Jonathan Rolande, from the NAPB, said the disparity is going to get worse as the year progresses. He warned: “We can expect to see people living in London and the southeast facing prices which are ten times their annual salary by the end of this year."
"But this isn’t an issue restricted to those regions. Right across the UK, house prices continue to rise at a far higher rate than wages."
In England, the North-East is the most affordable area to buy a home as the average house price is £162,692 - around four times local income.
Inverclyde is the cheapest area in Scotland, where you need to spend just more than three times the average salary.
Overall, it takes 5.1 times your average salary to become a homeowner in Scotland, compared to the 7.1 UK figure.
Whilst a dwindling amount of available homes is a major reason for this contrast, soaring energy prices, growing inflation, and the war in Ukraine are all contributing to the crisis.
Rolande said: "We are also seeing a spike in graduate pay. This is leading to some properties at the lower end, which would traditionally be targeted at first-time buyers, rising steeply in price as well. It’s a nightmare situation but underlines the need to fast-track building programmes to ensure we have more homes on the market."
The national shortage of available housing is, naturally, having a knock-on effect on rent prices, driving up costs in the more popular areas, where properties remain scarce.
“In many areas, people are offering to pay over and above the advertised rates just to secure a property. In other cases, tenants are signing up for longer contracts than they might otherwise agree to,” Rolande said.
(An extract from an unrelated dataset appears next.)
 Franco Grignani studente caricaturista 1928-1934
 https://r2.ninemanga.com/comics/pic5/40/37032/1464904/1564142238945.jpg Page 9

On claims that house prices are about to crash, Rolande added: “It’s too early to say that this will happen. It’s fair to say we have probably hit a peak in terms of house price rises, but there are still some regions where prices are rising albeit at a slower rate."
"We can expect to see a levelling between July and October. The tipping point could come in the Winter when the cost of living crisis really starts to bite."